Anyways, I thought this was neat. I like it anytime I can get what I want out of an iterable without actually using any brute force indices. It seems like it cuts down on off-by-one errors.

Like I said before, if you've got a better way to make the `each_cons` function above, I want to see it. Be sure to comment or tweet it at me.

Originally posted on `assert_not magic?`

David Amos • Edited

For your `each_cons` function, try this out:

``````def each_cons(n, iterable):
iters = [iter(iterable)] * n
return itertools.zip_longest(*iters)
``````

That will get you an iterator over groups of `n` consecutive elements in `iterable`. No indexing or list building required!

This is basically the grouper function that can be found in the recipes section of the itertools docs.

You can also find it (and other examples of itertools goodness) in my write-up at realpython.com/python-itertools.

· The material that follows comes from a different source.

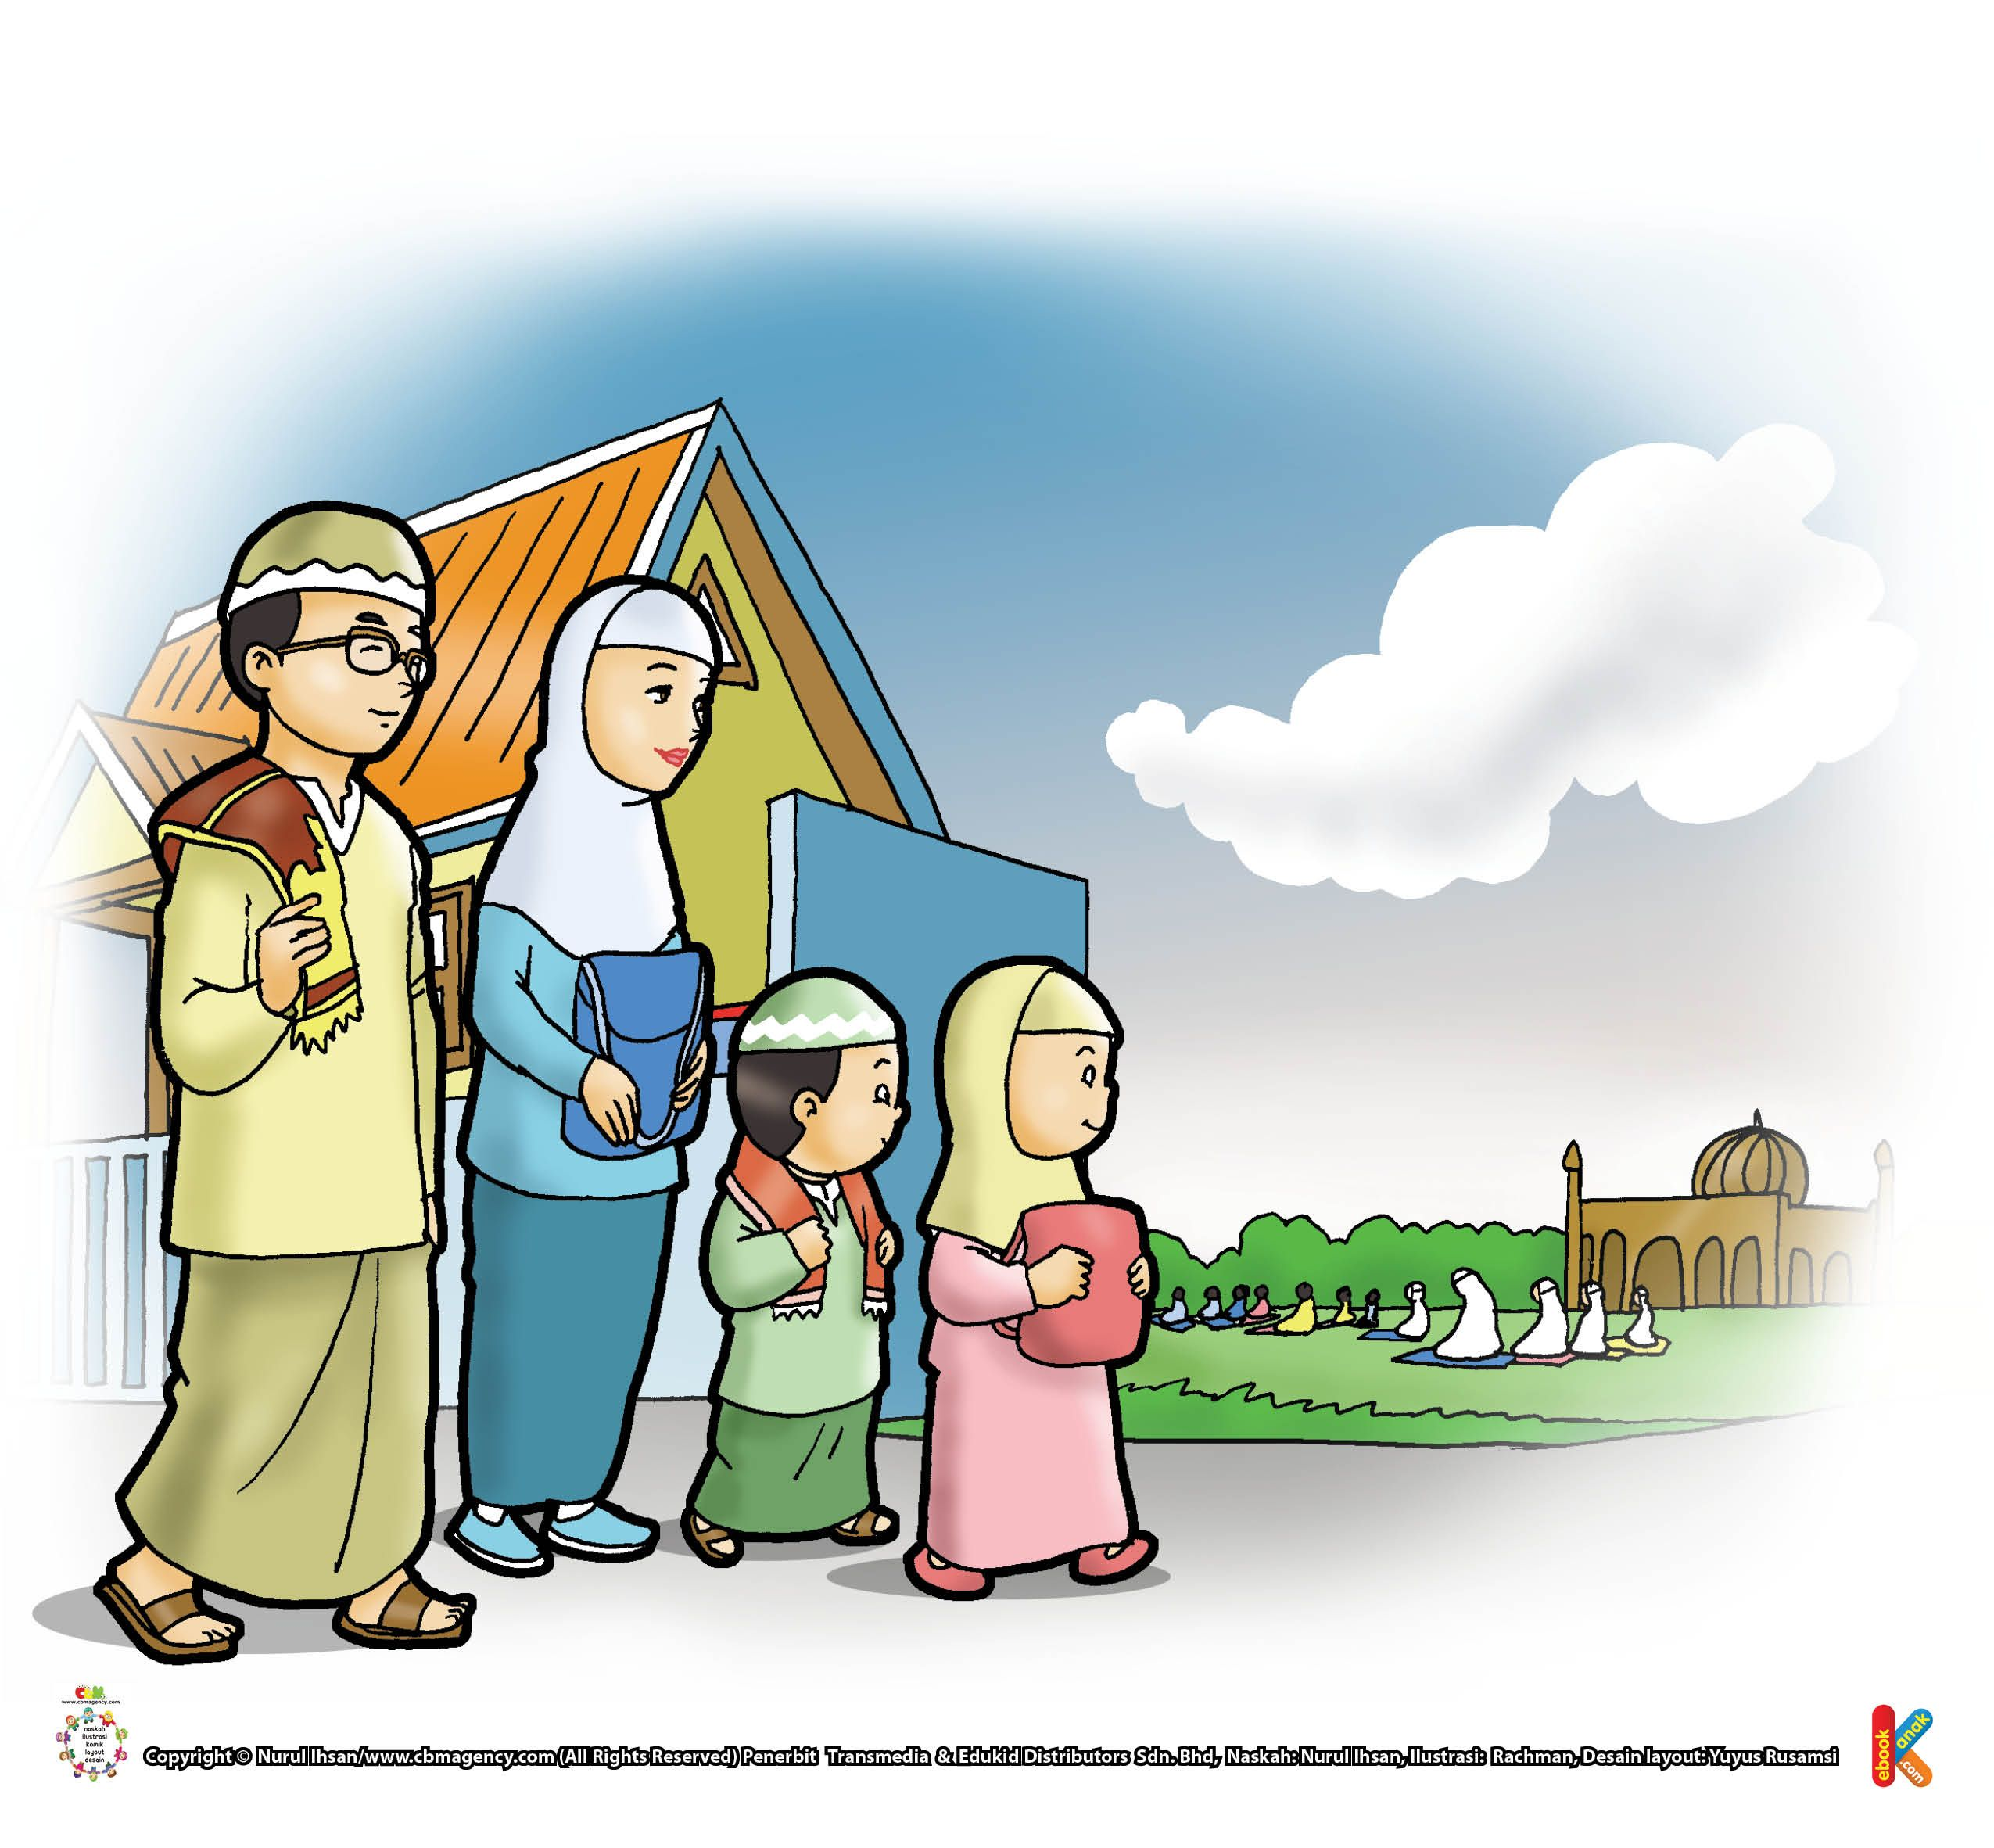 Gambar Animasi Anak Muslim Pergi Sholat Kata Nabi Pergi Shalat Idul Fitri Jalan Kaki Ebook Anak Kartun Anak Bepergian
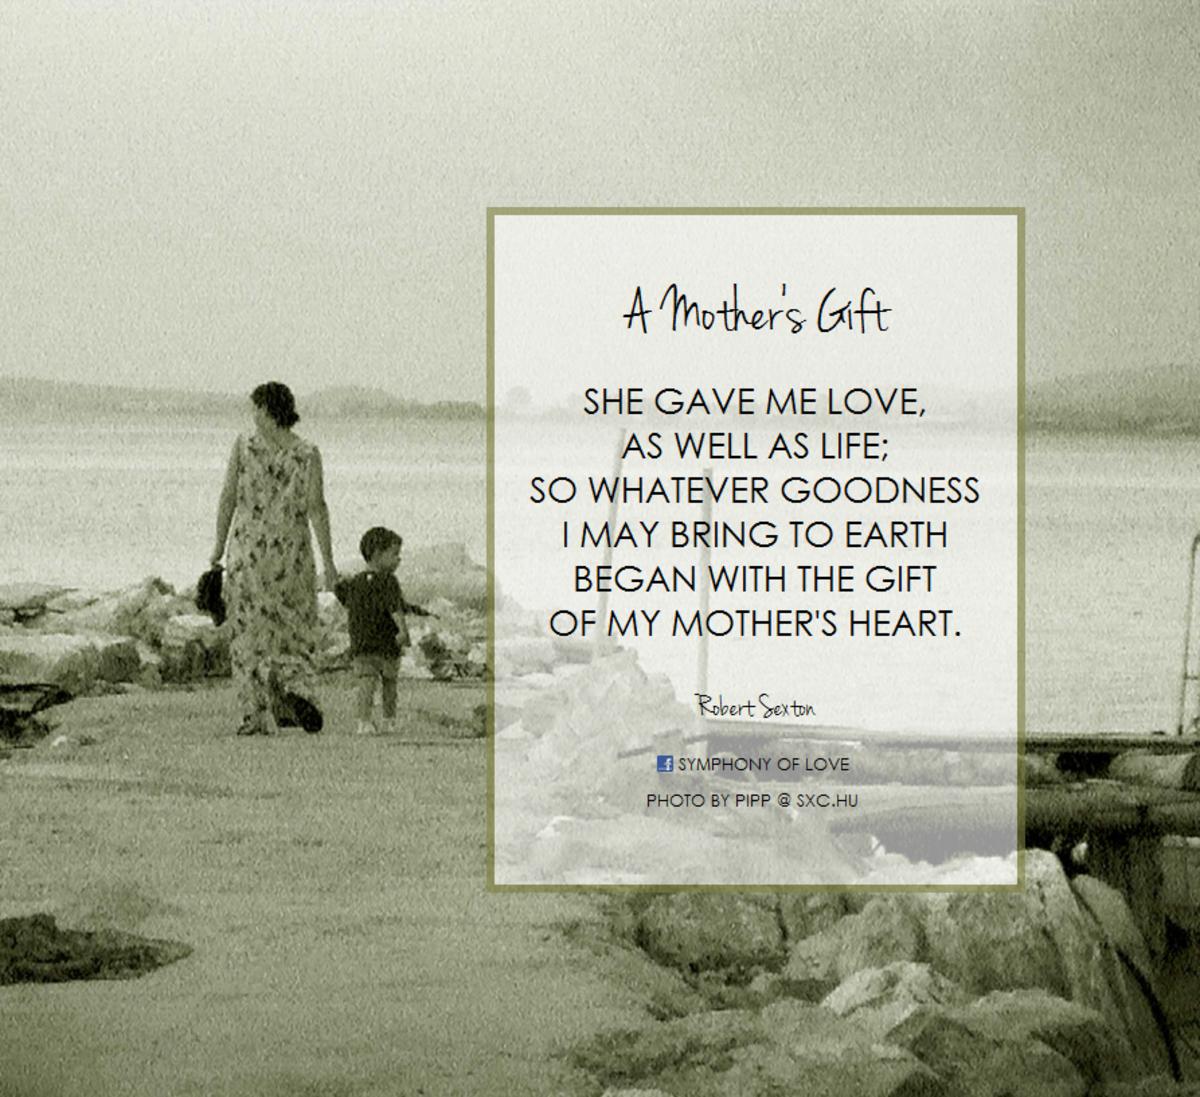 A Mother's Gift (short poem)

EDIT: I just looked at your requirements for `each_cons` again, and realized my function above isn't quite what you want.

For an example of what you're looking for, check out the `windowed()` function in the more-itertools package.

It's not built-in to Python, but you can look at the source. A bit more verbose than your solution, but for large iterables it's the way to go. Uses far less memory and will be way faster than using list slices.